Unity Linux embedded HMI, GPU usage at 100%

In our Unity Linux embedded project (running on 3 displays simultaneously), we noticed through profiling the integrated GPU on the Qualcomm 8155 chip using Snapdragon Profiler that the HMI process consumes almost 100% of the resources.
The tests we conducted included changes to the Quality and Player settings, modifications to the scriptable object of the URP settings, as well as AntiAliasing and PostProcess settings on the cameras themselves, all of which yielded poor results. The final test involved building the HMI demo project provided by Unity on the Asset Store (multiscreen setup with default settings), which produced the same result.
Attached are two images:

  1. The percentage of GPU usage and the clocks of the HMI process from the latest Unity HMI demo build. The moments where usage flatlines correspond to Linux freezing due to a SIGINT (is there a setting in Unity that could help avoid this?).
  2. The change in system-wide GPU usage after forcibly terminating the HMI process.

Any assistance in resolving this extreme GPU usage would be greatly appreciated.

There are no images attached.

Generally, if vSync is disabled, Unity will consume as much GPU resources as possible to render as many frames as possible. (unless your application is CPU limited)

If you would like to limit that, you can use Application.TargetFramerate.

Once you are limiting the frame rate, the time it takes to render the frames will still dependent on what you’re rendering. Without knowing your project, I can’t tell if it’s appropriate for the hardware and what the optimization possibilities are beyond that.

This means that if the time it takes the GPU to render content for your 3 displays is 16.6 ms and you’re limiting the frame rate to 60 fps, Unity will still use 99% CPU.

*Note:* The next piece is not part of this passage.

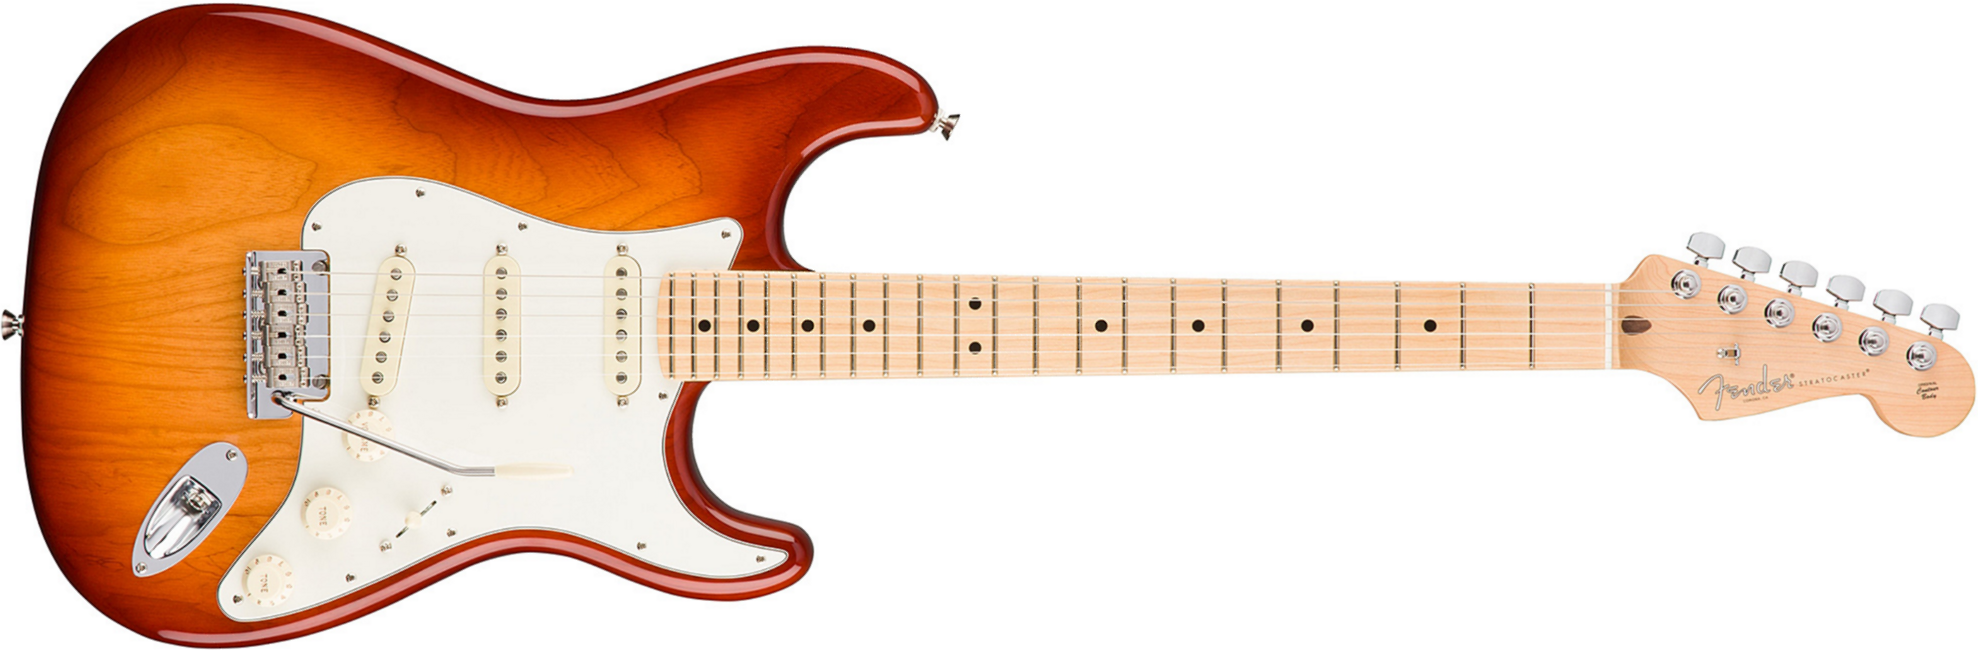 Fender Strat American Professional 2017 3s Usa Mn - Sienna Sunburst - Guitare Électrique Forme Str - Main picture
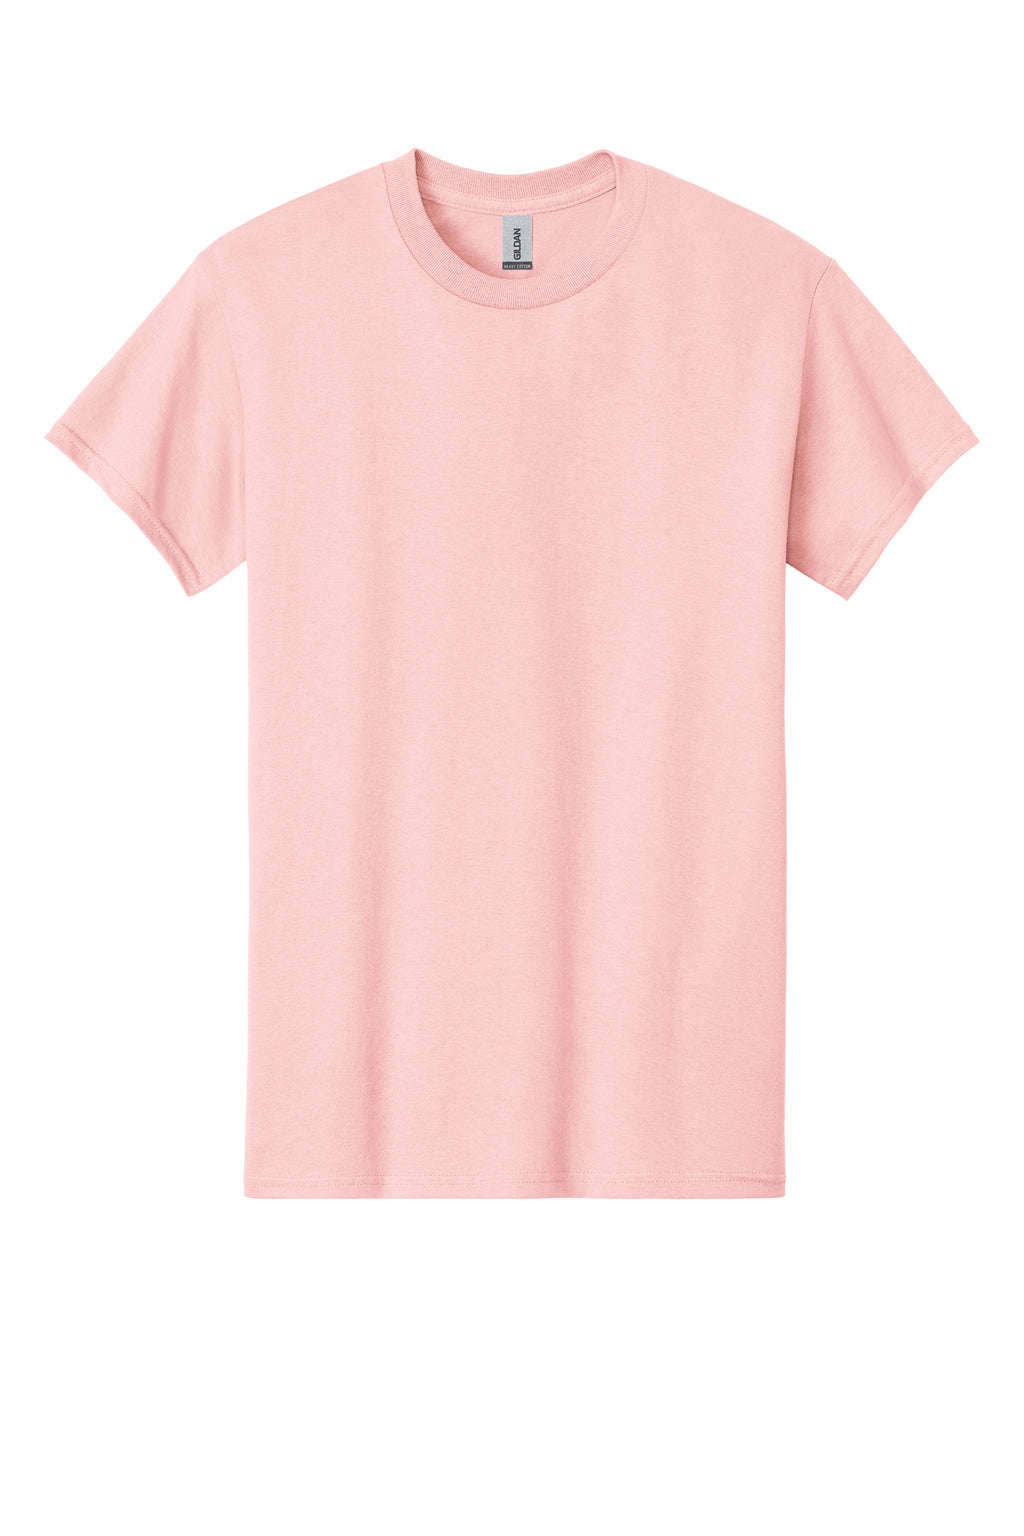 Gildan Mens/Unisex S/S Shirts Light pink

So if limiting the frame rate didn’t reduce CPU usage, I recommend using the rendering debugger to understand what your application is doing and reducing draw calls, simplifying shaders, reducing overdraw etc.

Strange… I do see them. I’ll attach them again here

Can you see them now?

I did some other tests where I added a script that does the following:

private void Awake()
{
    Application.targetFrameRate = 30;
    Application.runInBackground = true; // just in case
    QualitySettings.vSyncCount = 1;
}

with poor results… From the profiler it looks like the framerate is at 60 regardless…

Another test I did is set the Render Scale to 0.5 wich dropped the GPU usage to 30% but as expected, it looks terrible and doesn’t represent the desired result.

These tests were made on the HMI Demo provided by Unity from the Asset Store (wich produced similar results to the original project). Just imported it with it’s settings and fixed the bug that prevents the HVAC scene to load on the correct Display.

It looks like you’ve already tested the obvious knobs, so the fact that even the Unity HMI demo behaves the same points to a platform + multi-display issue rather than just project settings.

A few key things to check:

  • Frame limiting: Unity will max out the GPU unless capped. Set Application.targetFrameRate (30/60) and verify VSync actually works across all 3 displays.
  • Multi-display cost: Each display may be triggering a full render, effectively tripling GPU load. Try testing with 1 display to confirm scaling.
  • URP settings: Even “disabled” features can cost. Make sure render scale < 1.0, shadows off, HDR off, and no extra lights.
  • SIGINT freezes: Likely not Unity itself—could be thermal throttling, driver instability, or compositor issues on Linux. Check system logs (dmesg) for GPU faults.

Also, on embedded systems like this (similar to automotive HMI or HVAC interfaces), hitting 100% GPU isn’t unusual if uncapped—the goal should be stable frame timing, not max utilization.